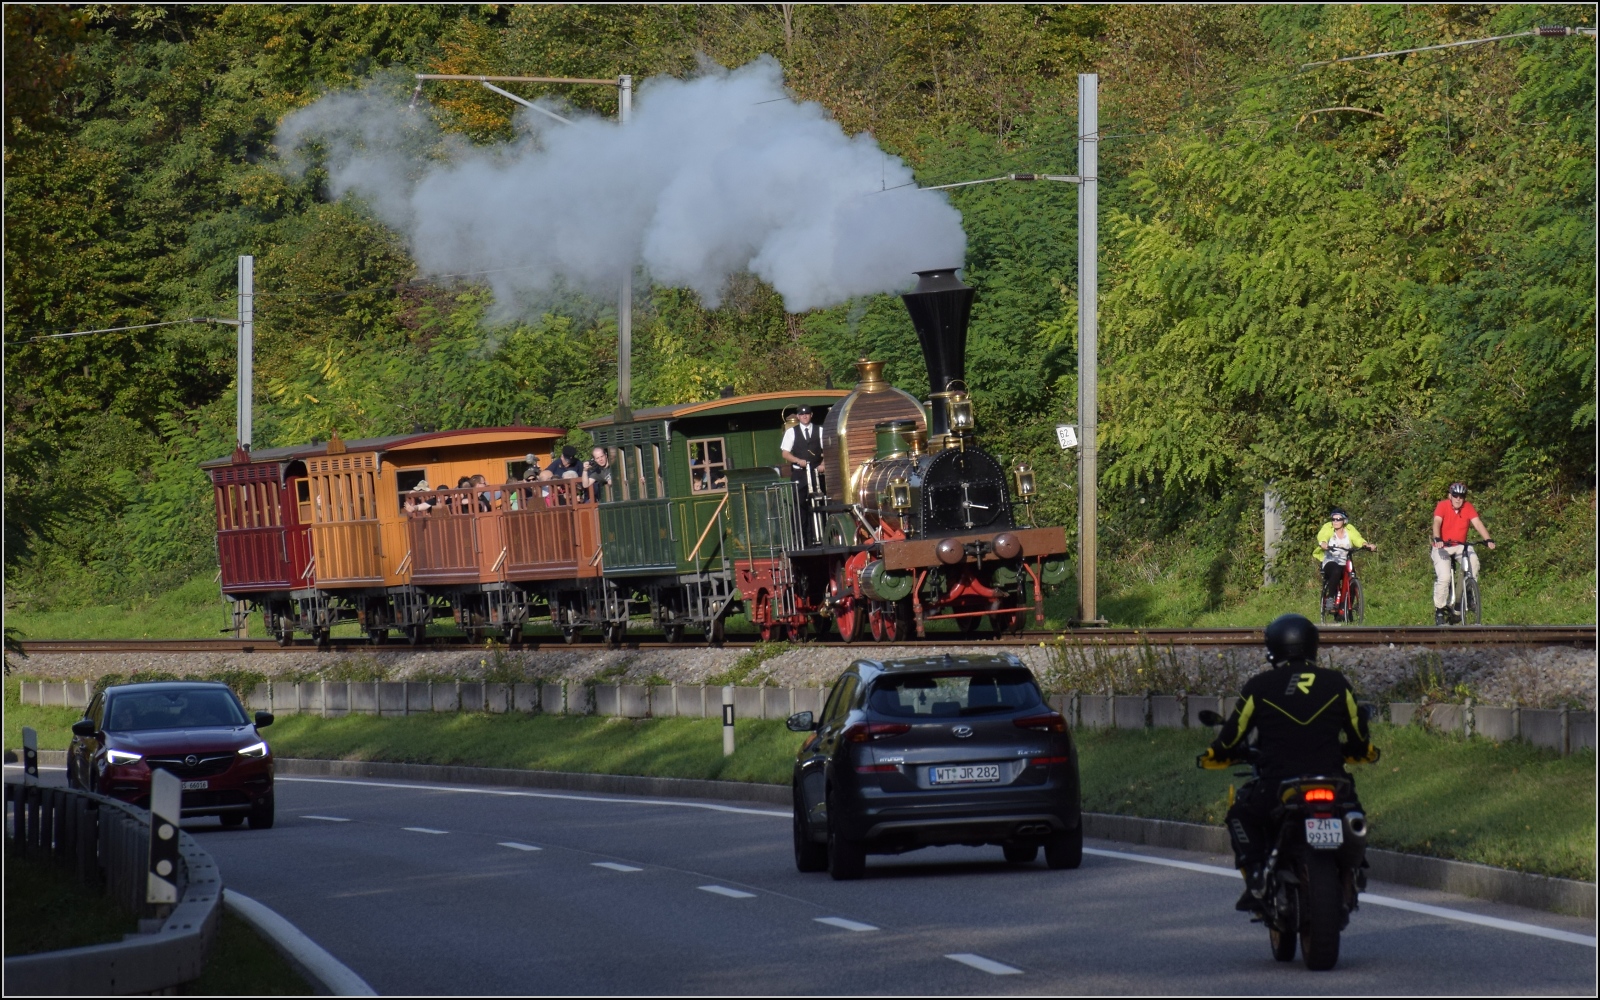 Zum 175-Jährigen hat die SBB Historic die Spanisch Brötli-Bahn ausgepackt.

Bei Rheinsulz erreicht die Abendsonne die Spanisch Brötli Bahn von der Rheinseite, während sich einige Verkehrsteilnehmer über die ungewöhnliche Begegnung wundern. Oktober 2022
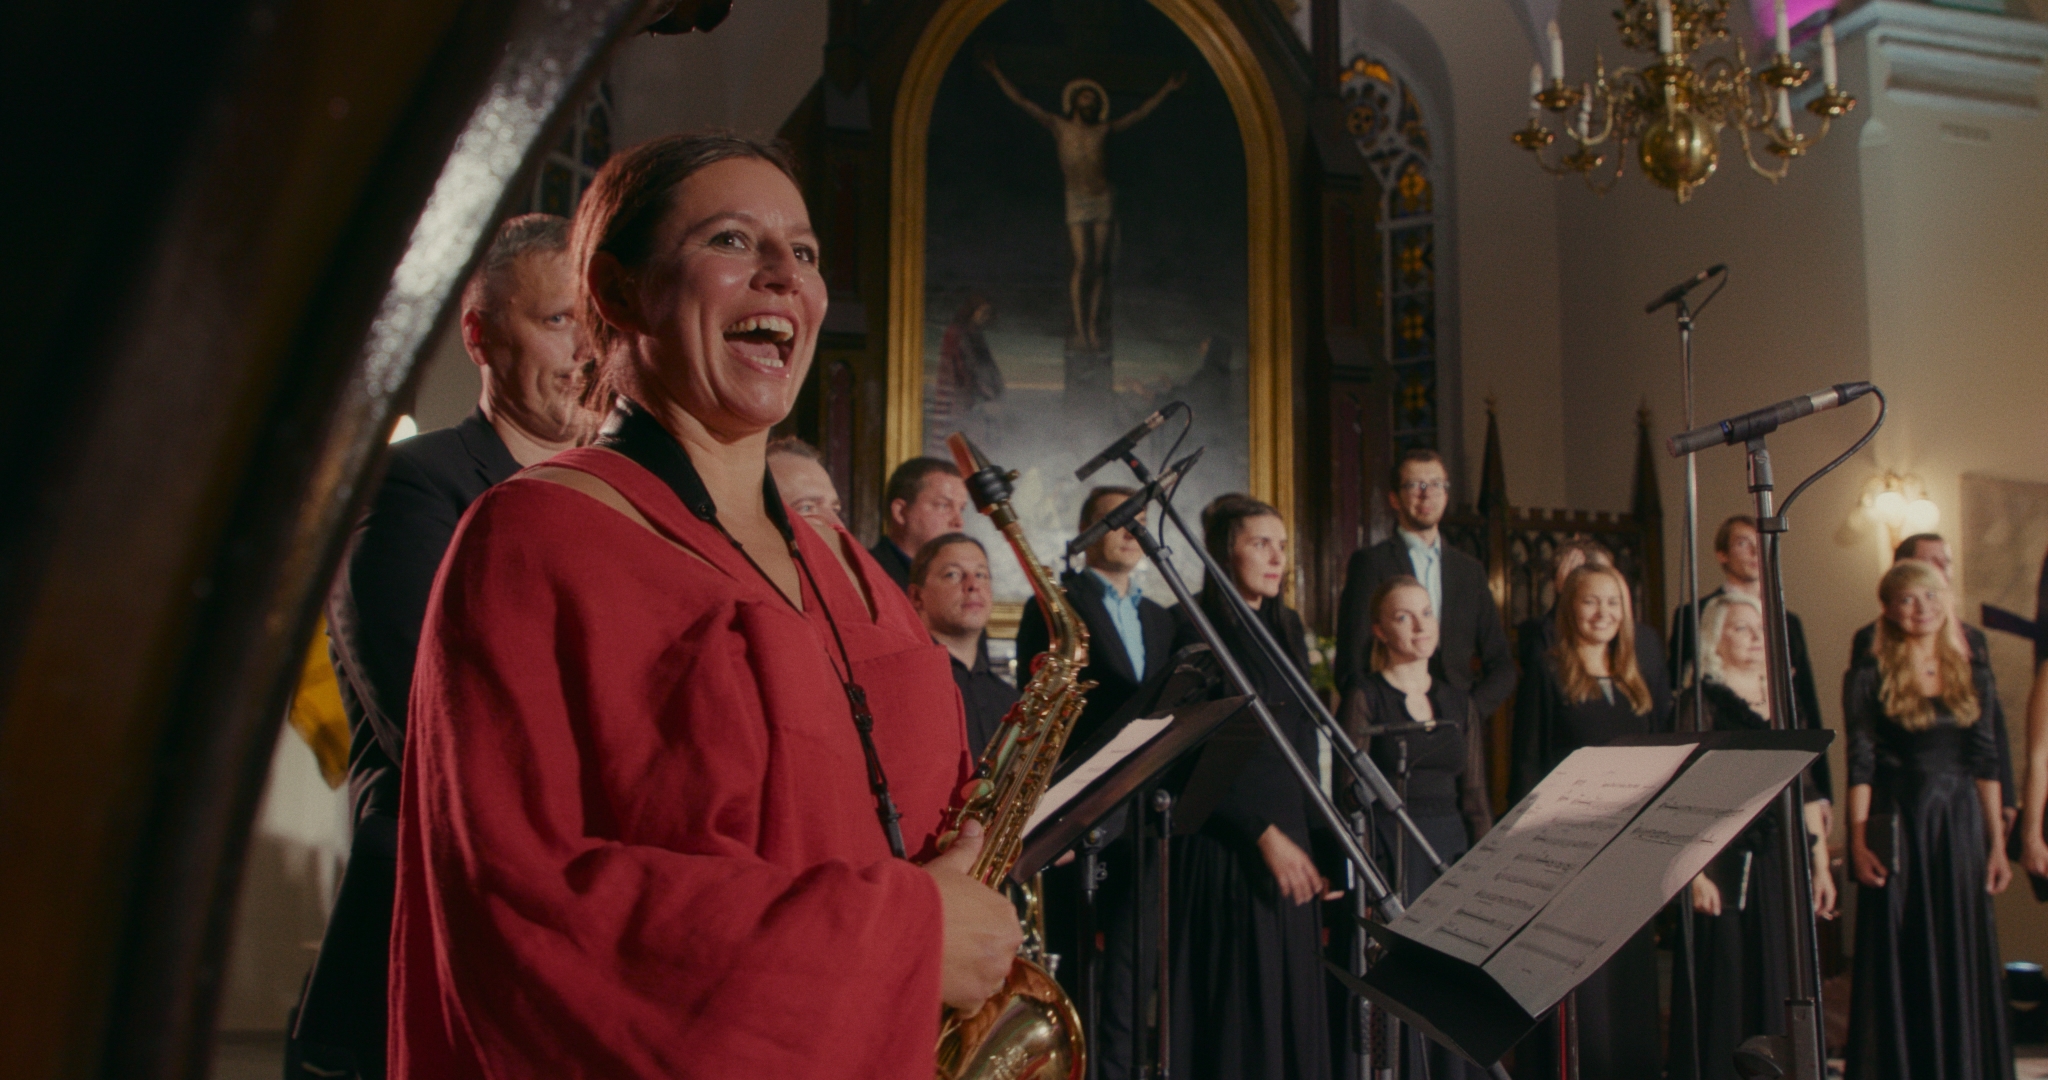 Still aus dem estländischen Film "Machina Faust". Man sieht einen Chor und eine Musikerin mit einem Saxophon in einer Kapelle stehen.

■ ■ ■

What this task involves: Reproduce every line above as written, skipping pictures.

Response area:
 Zum 175-Jährigen hat die SBB Historic die Spanisch Brötli-Bahn ausgepackt.

Bei Rheinsulz erreicht die Abendsonne die Spanisch Brötli Bahn von der Rheinseite, während sich einige Verkehrsteilnehmer über die ungewöhnliche Begegnung wundern. Oktober 2022
 Still aus dem estländischen Film "Machina Faust". Man sieht einen Chor und eine Musikerin mit einem Saxophon in einer Kapelle stehen.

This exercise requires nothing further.